§ **Work to be completed**: Find the line below with "KONUSPRO T-30 3-12x50mm". Print it and every line after it exactly, through the last line, leaving out the pictures.

§ **Data excerpt**:
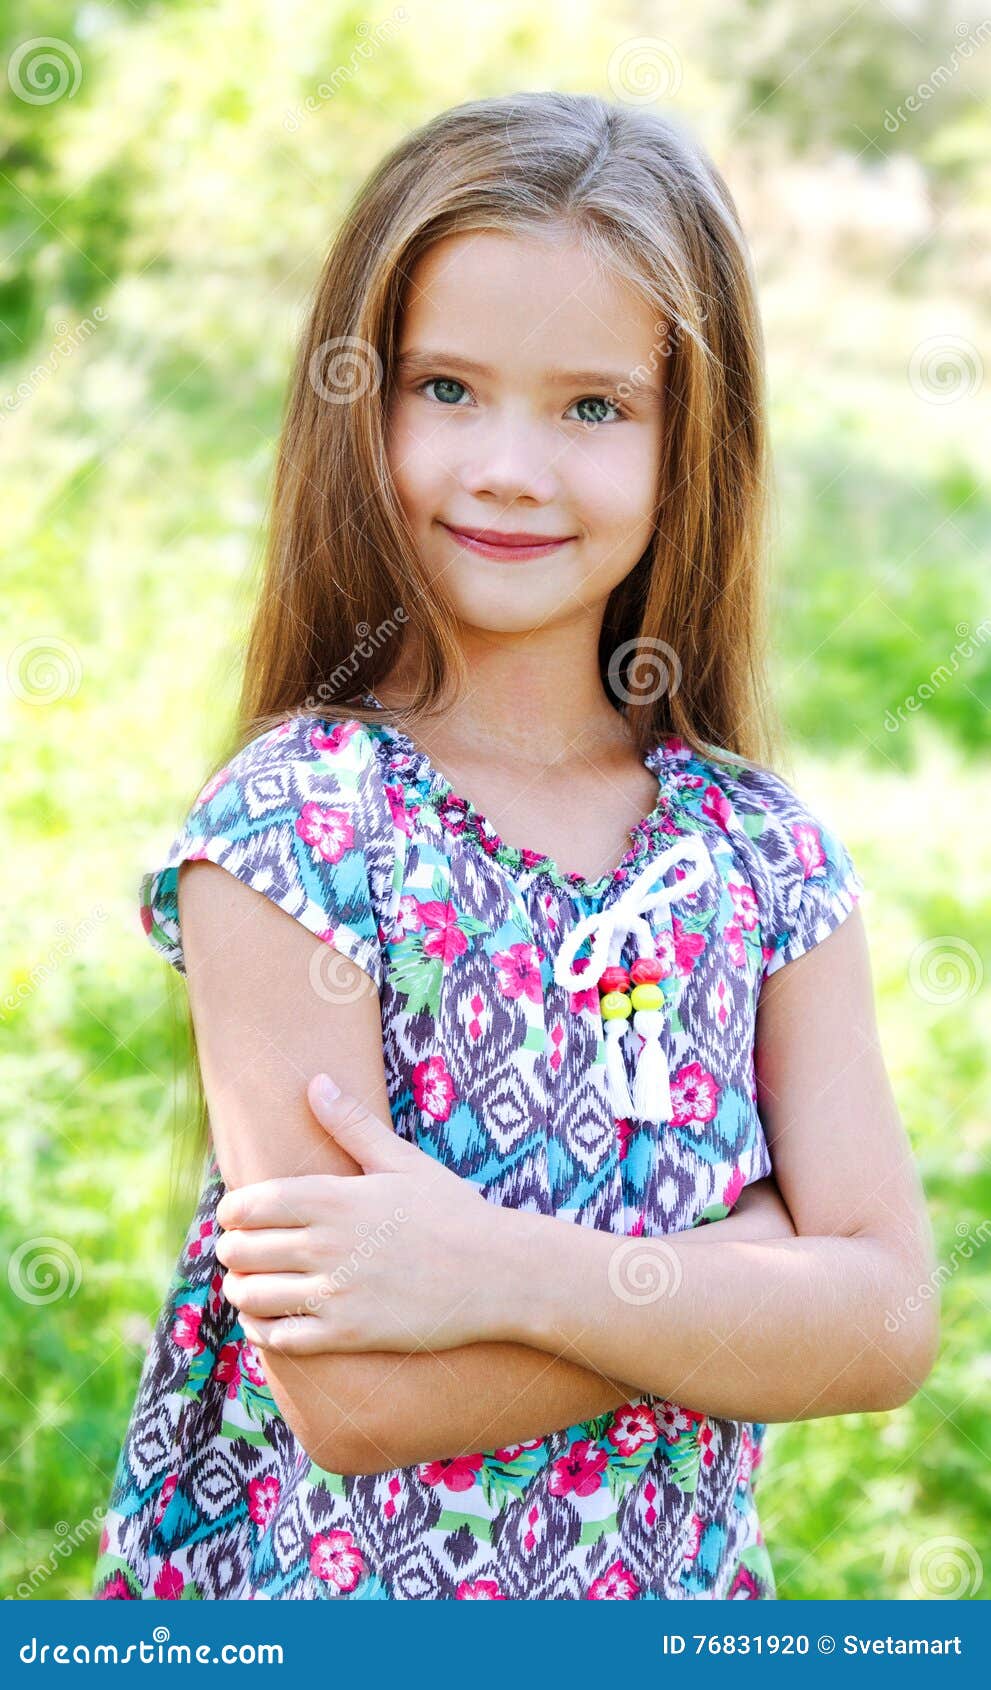 Portrait of Adorable Smiling Little Girl in Summer Day Stock Photo ...
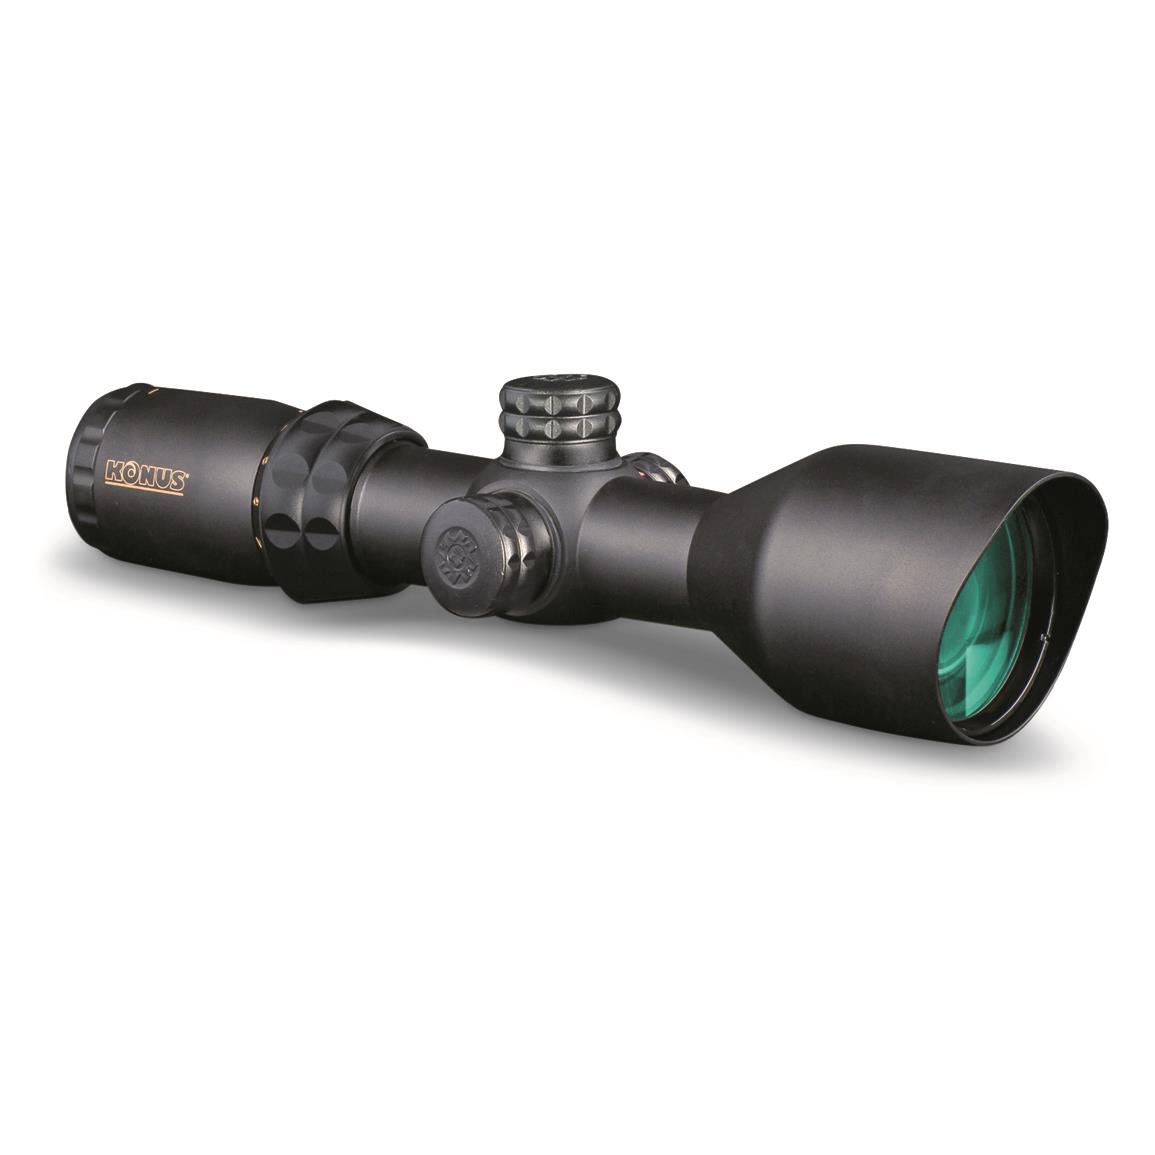 KONUSPRO T-30 3-12x50mm Tactical Rifle Scope, SFP Illuminated Blue/Red Mil-Dot Reticle
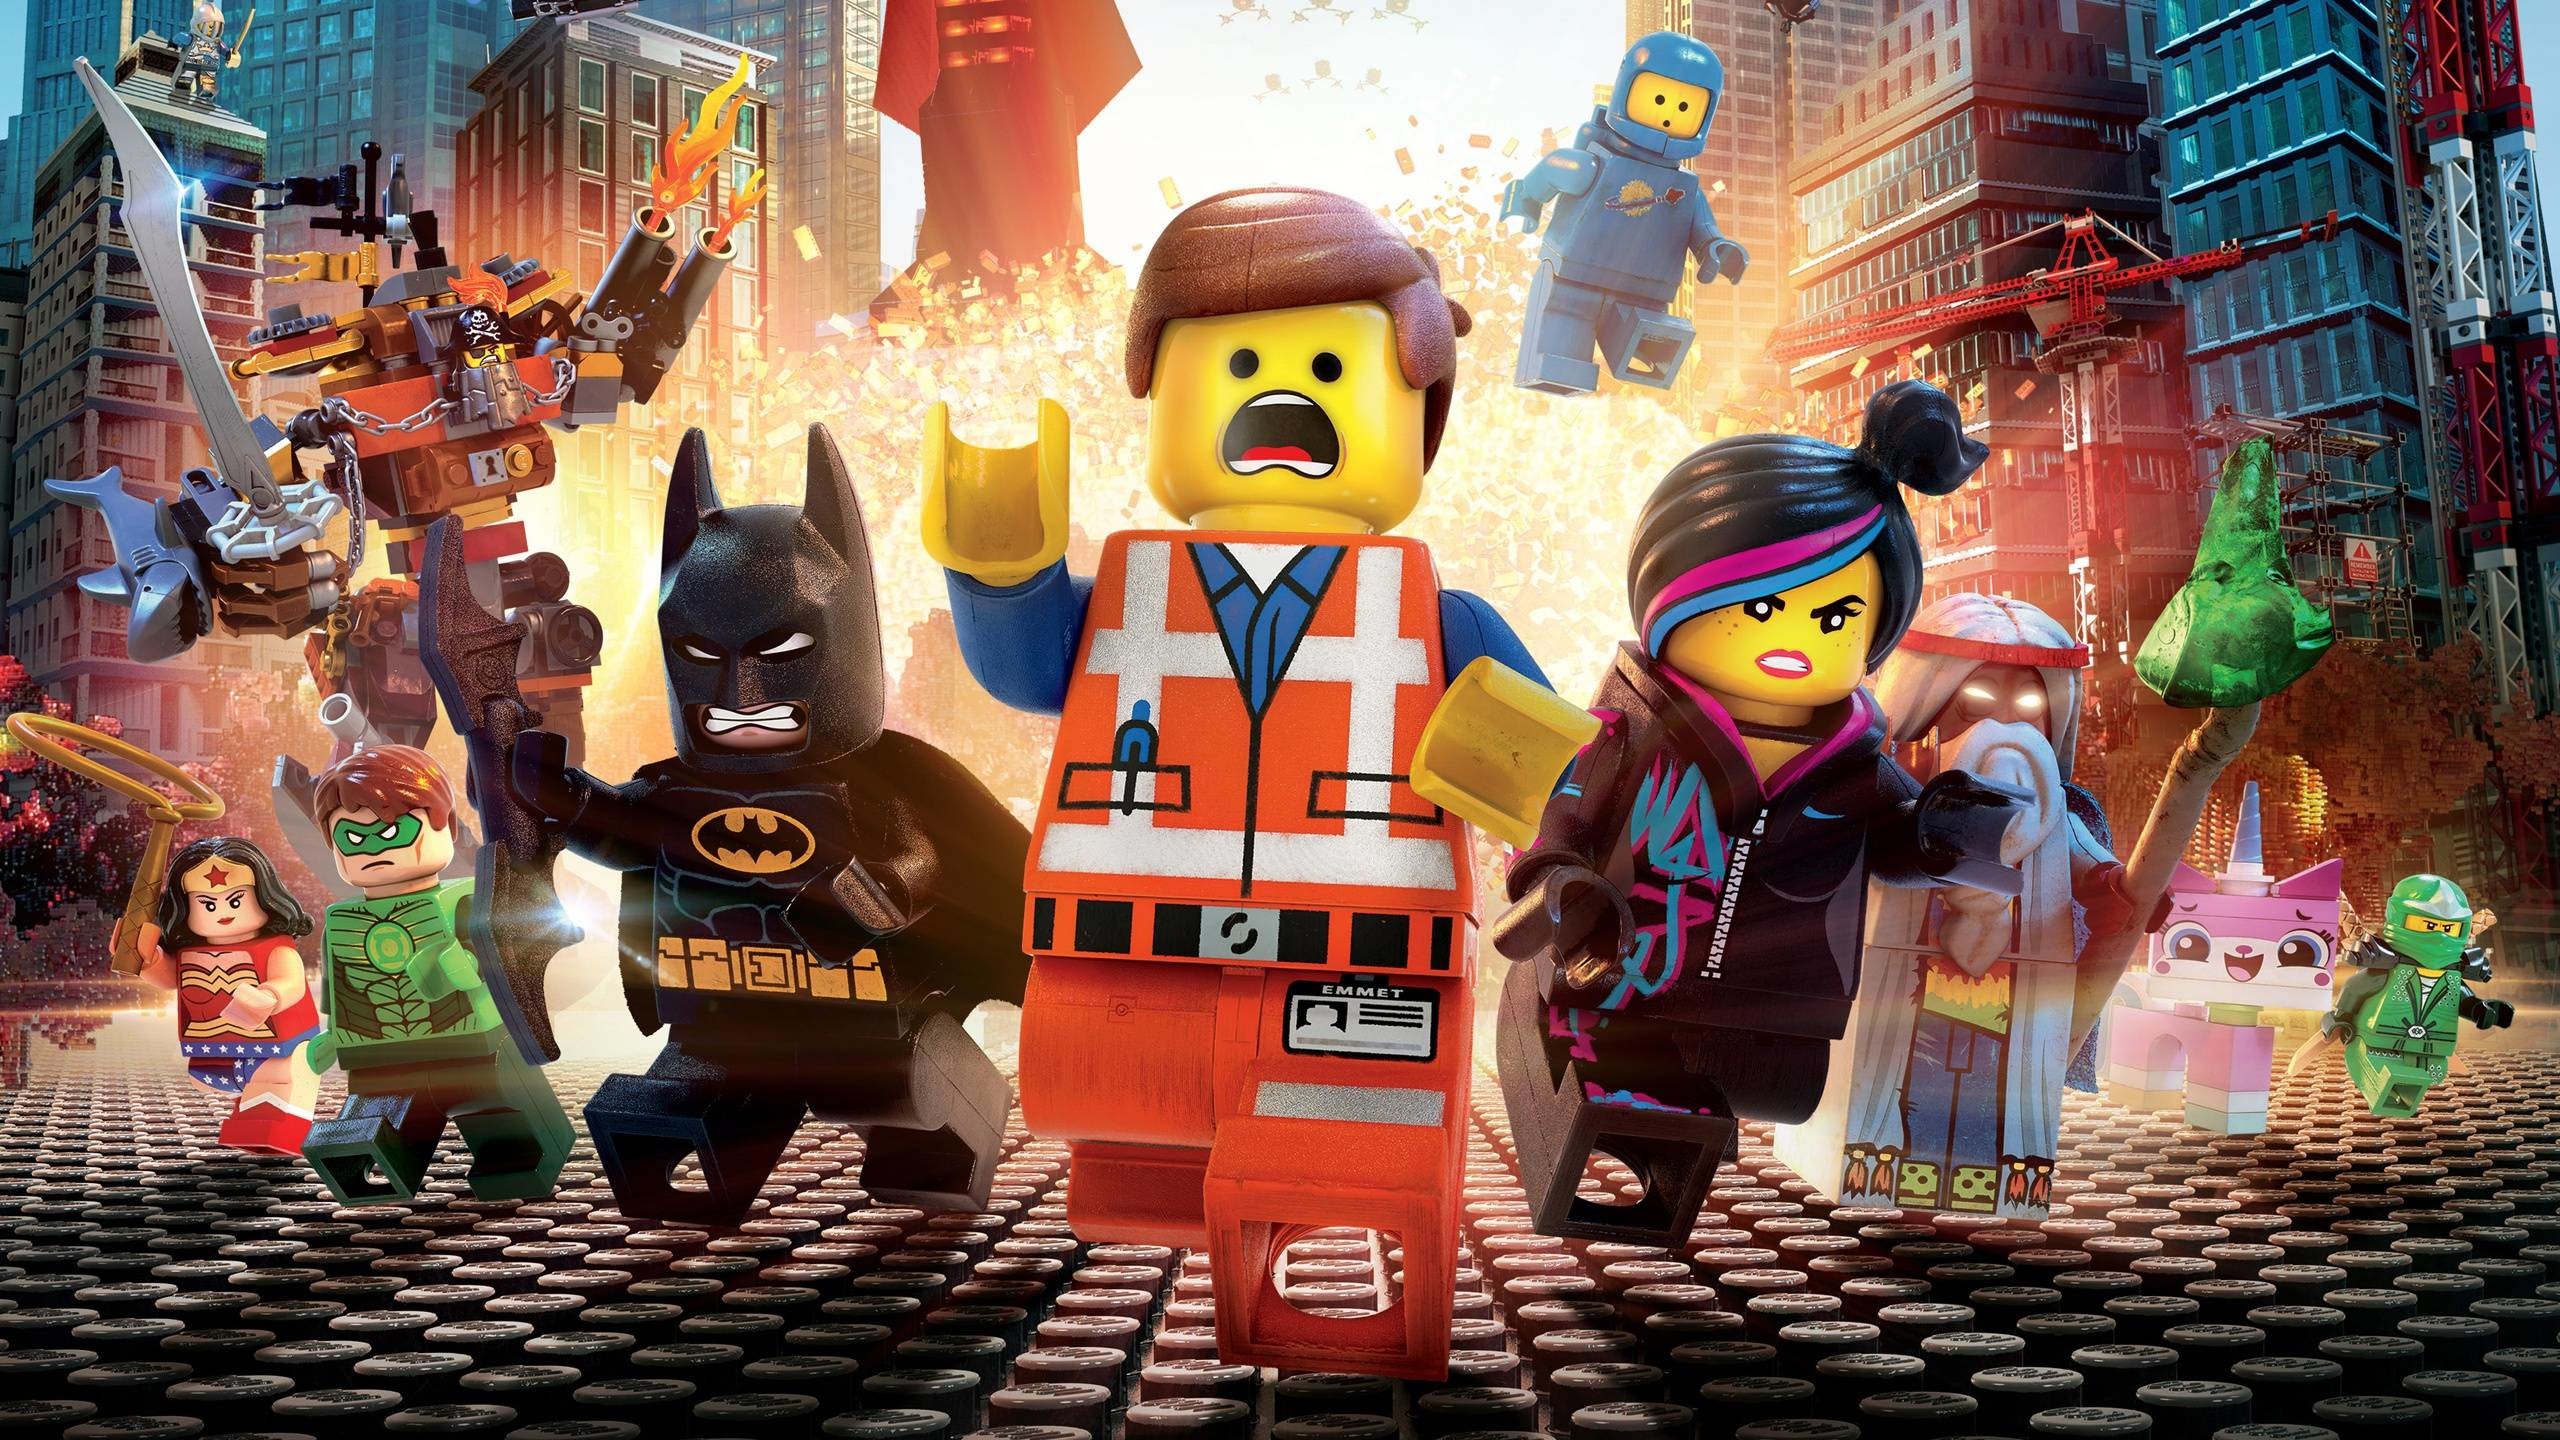 2560x1440 The Lego Movie 2014 Wallpapers | HD Wallpapers

§ **Task solution**:
 KONUSPRO T-30 3-12x50mm Tactical Rifle Scope, SFP Illuminated Blue/Red Mil-Dot Reticle
 2560x1440 The Lego Movie 2014 Wallpapers | HD Wallpapers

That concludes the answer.